Work to complete | Print a faithful copy of the data below, word for word, with the pictures left out.

Information provided |

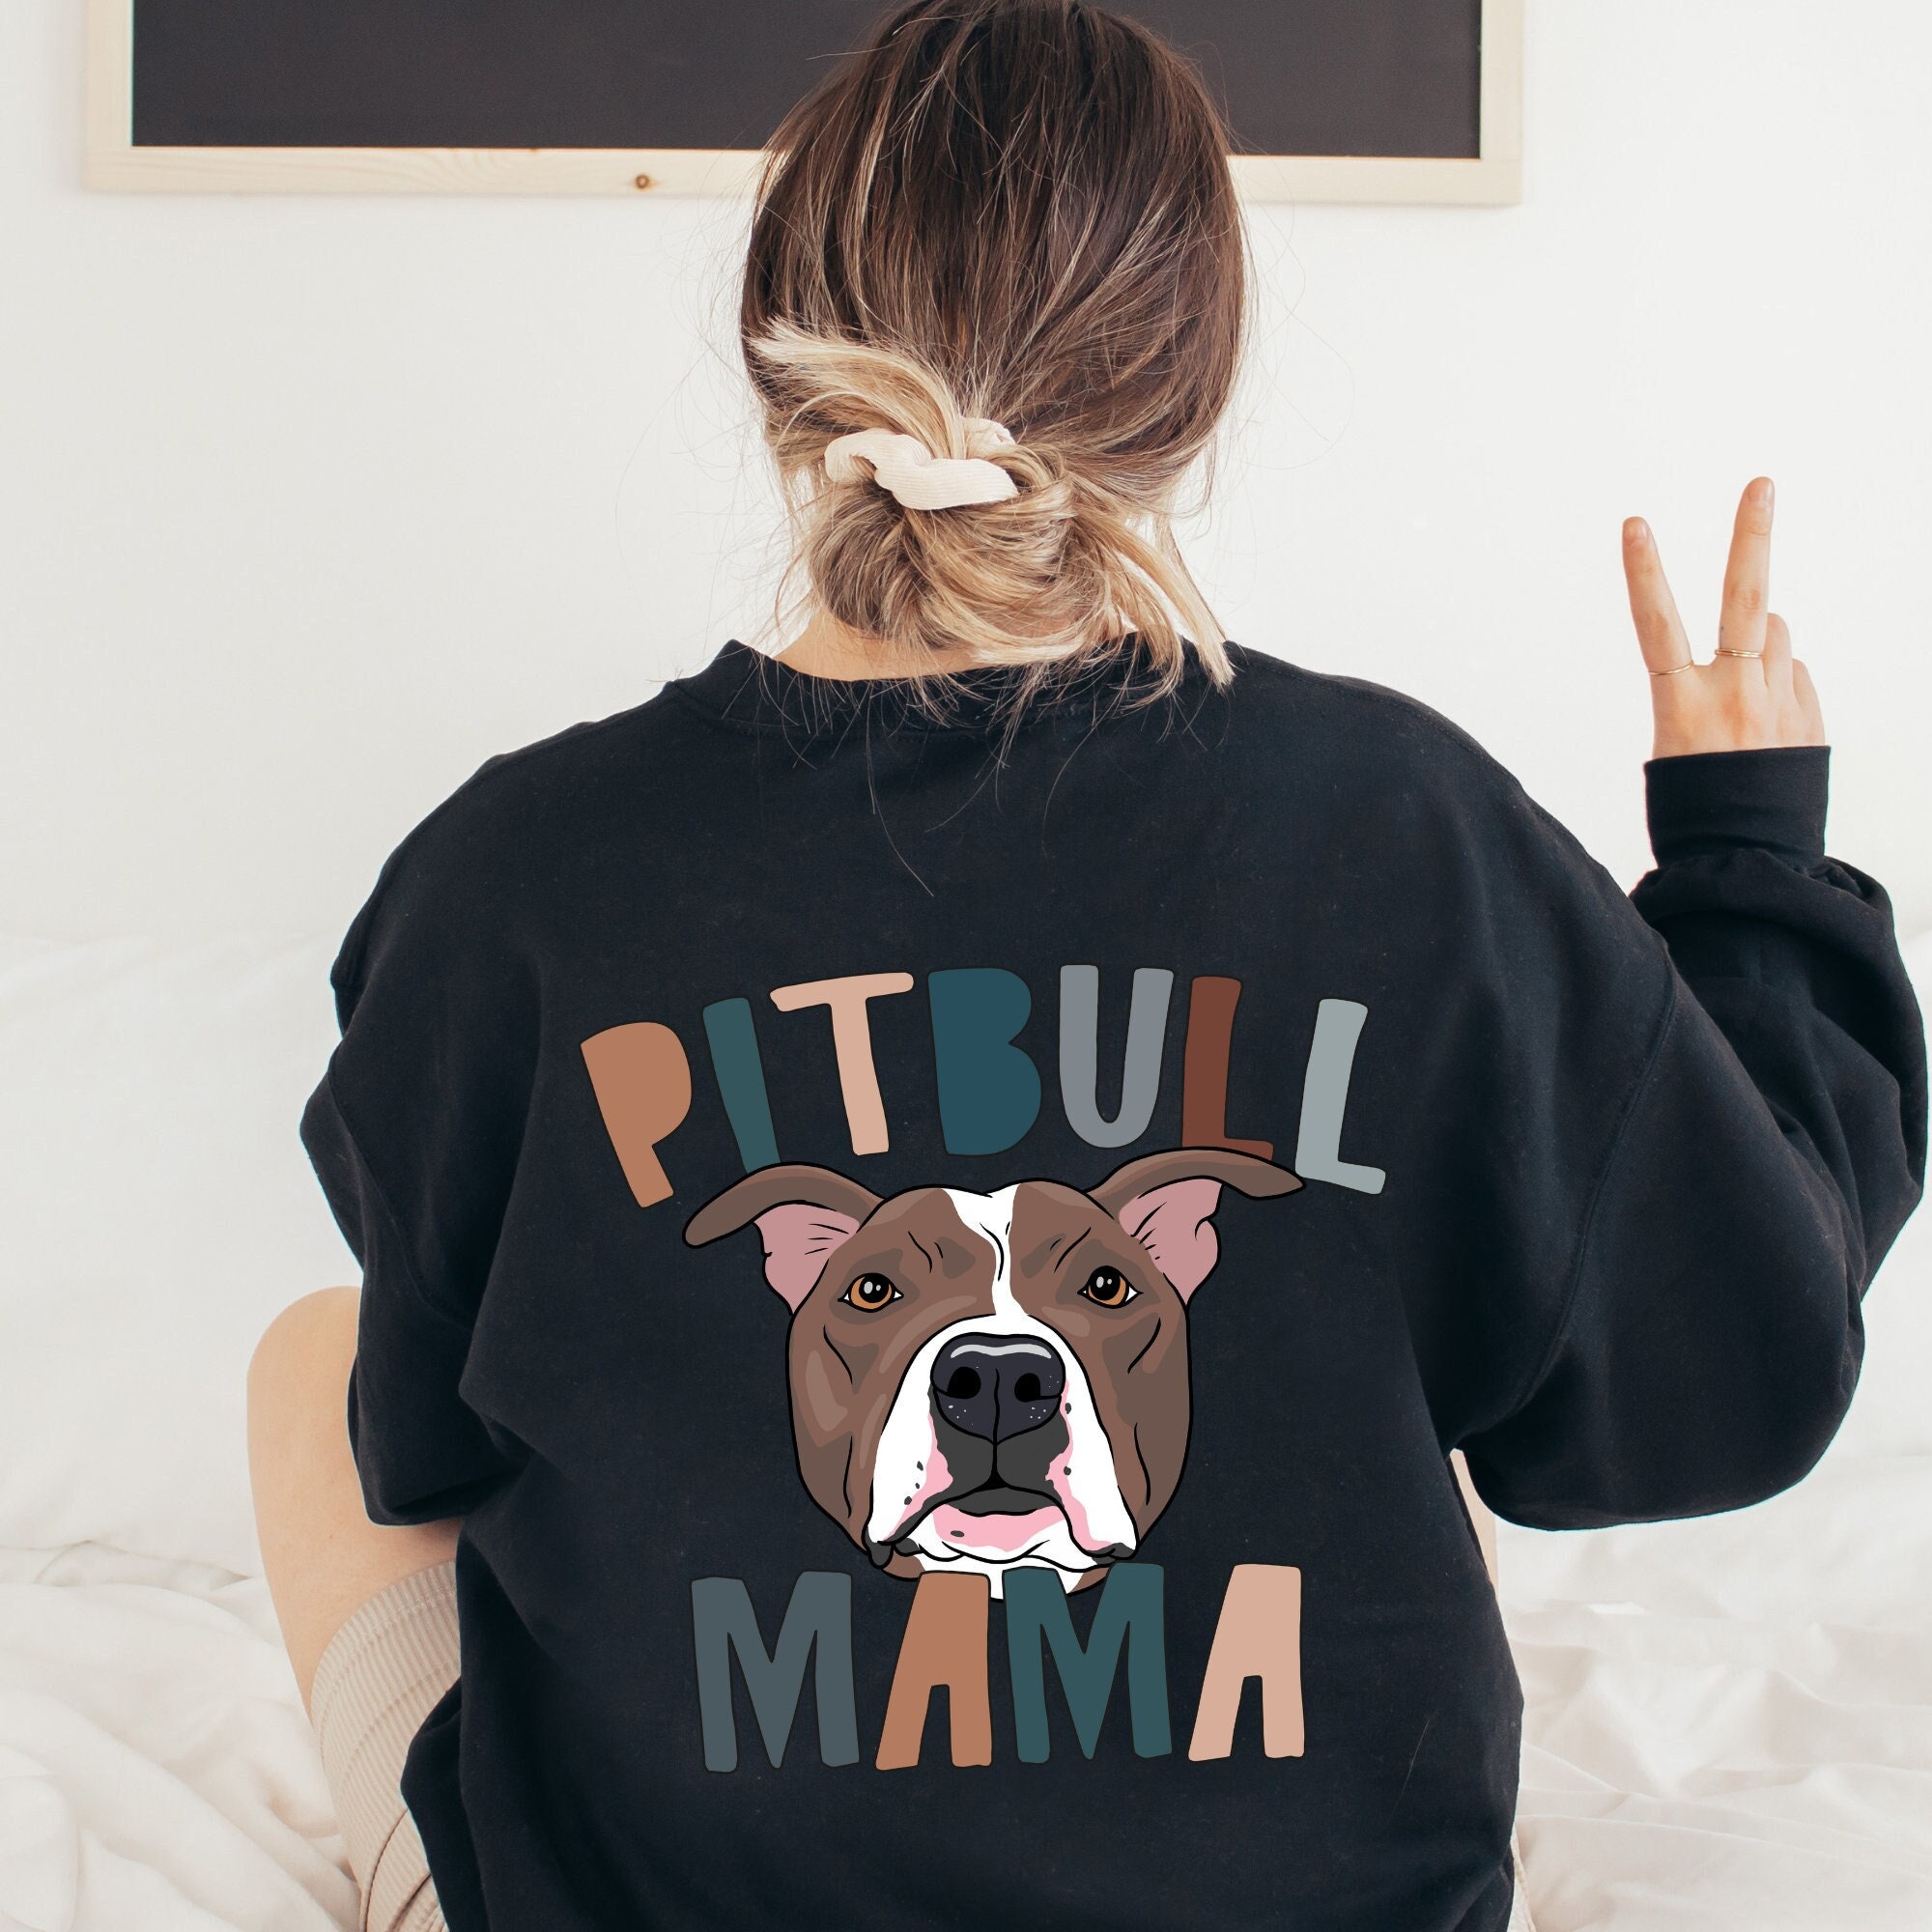 Pitbull dad T Shirts, Hoodies, Sweatshirts & Merch
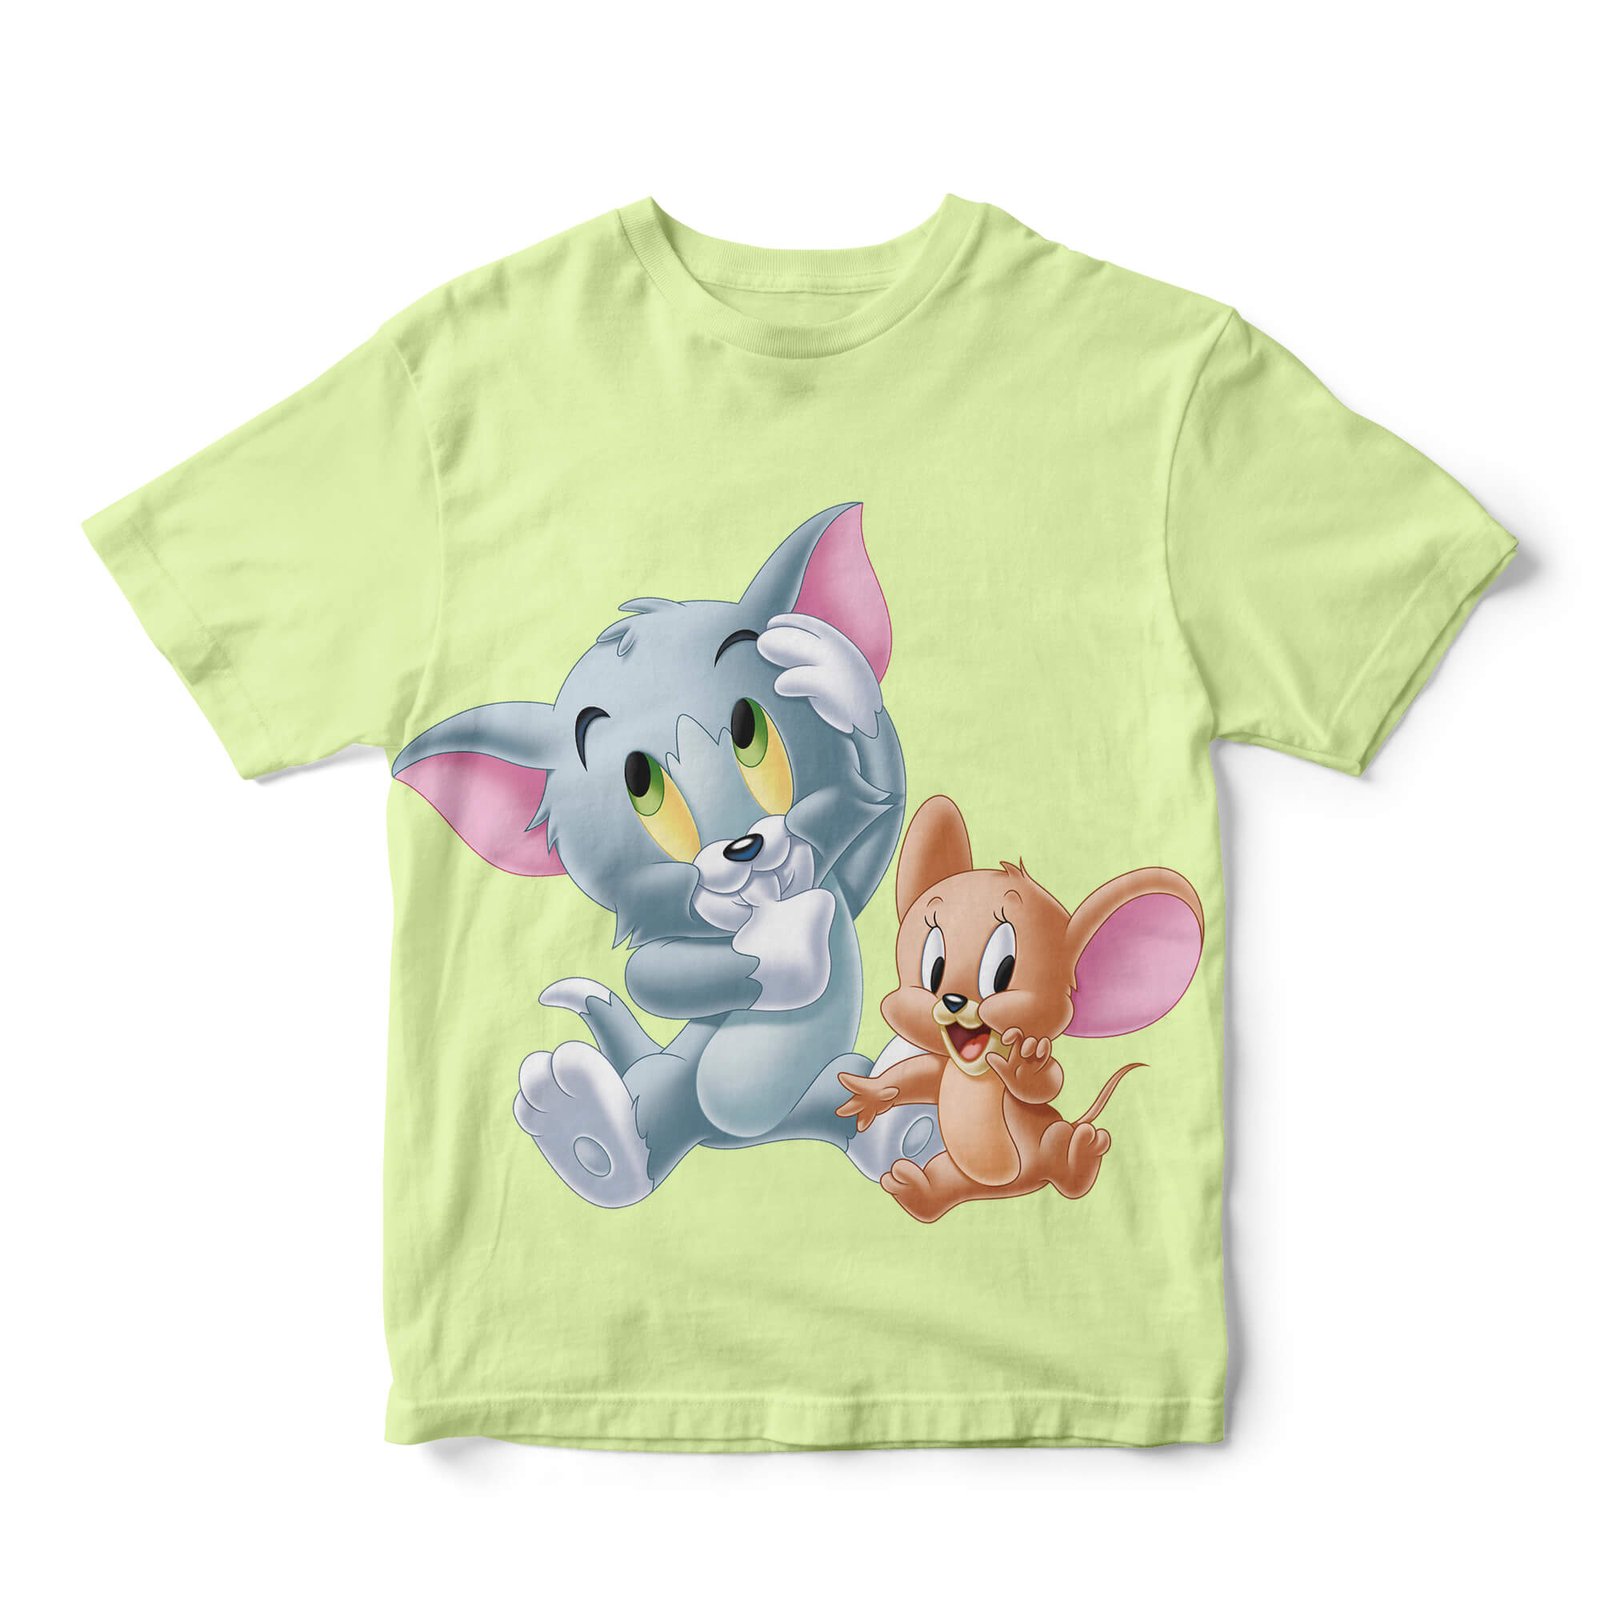 Design Free Baby T Shirt Mockup PSD Template
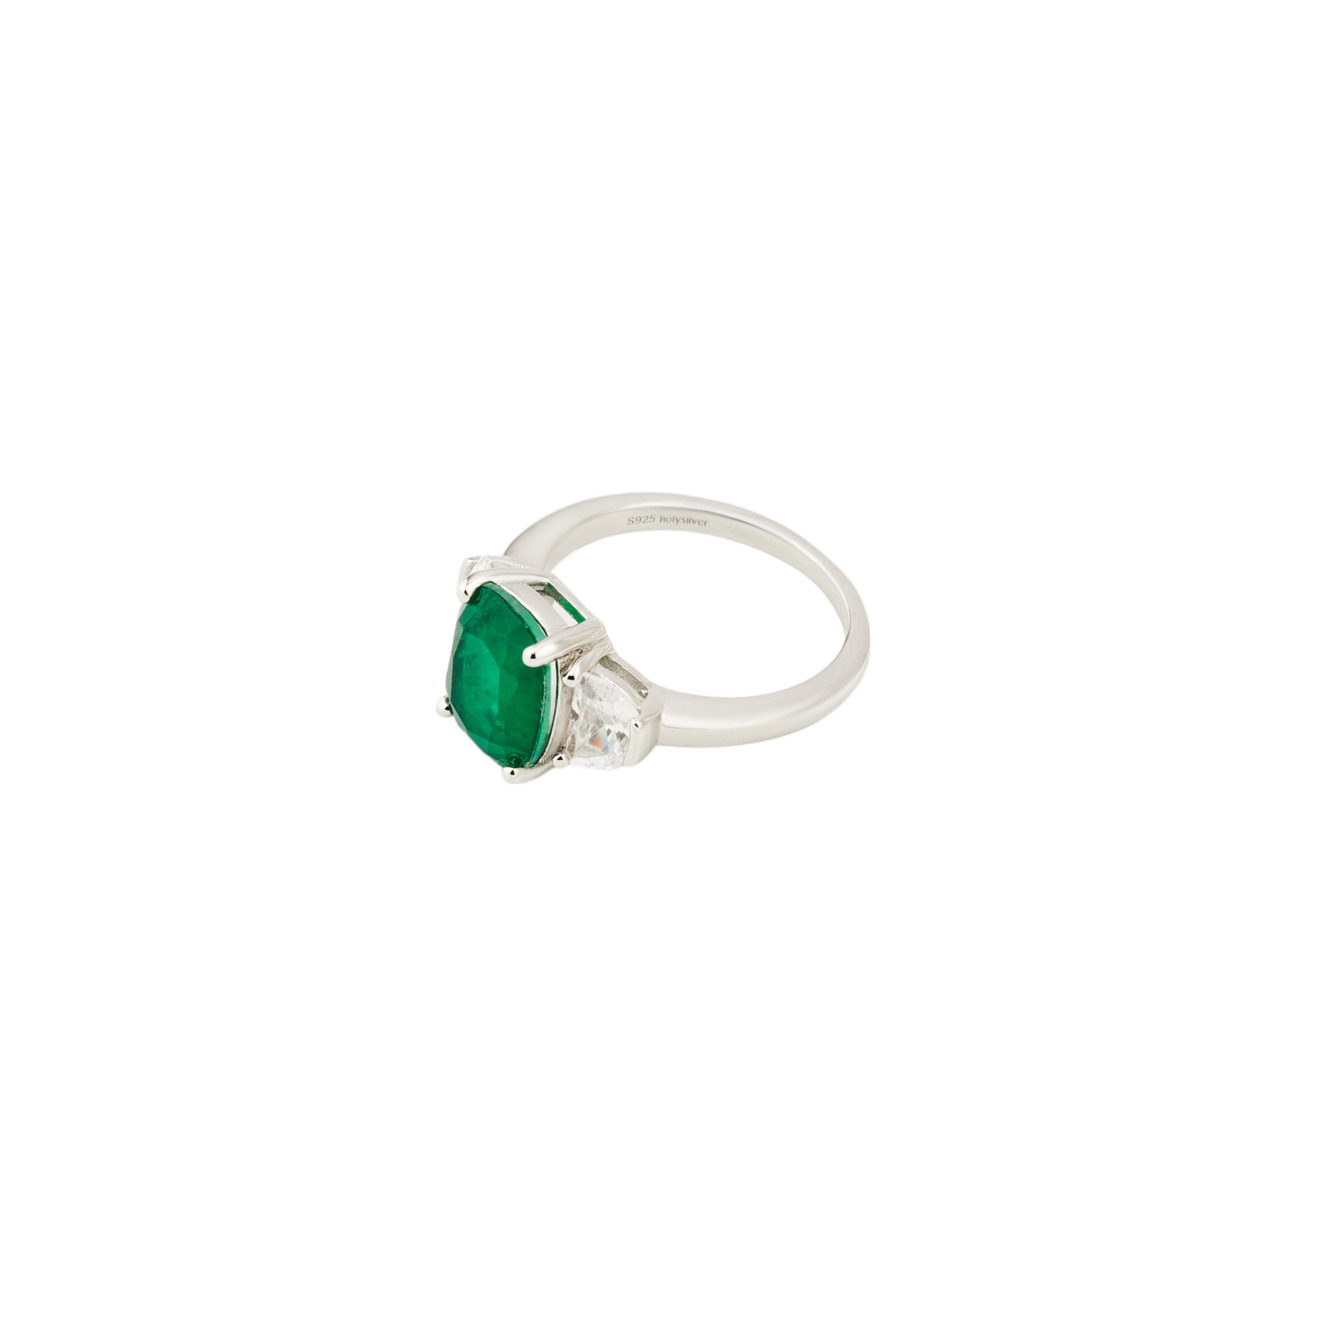 Holy Silver Кольцо из серебра с крупным зеленым кристаллом holy silver биколорное кольцо из серебра с вставкой из зеленого кристалла

Solution |
 Pitbull dad T Shirts, Hoodies, Sweatshirts & Merch
 Design Free Baby T Shirt Mockup PSD Template
 Holy Silver Кольцо из серебра с крупным зеленым кристаллом holy silver биколорное кольцо из серебра с вставкой из зеленого кристалла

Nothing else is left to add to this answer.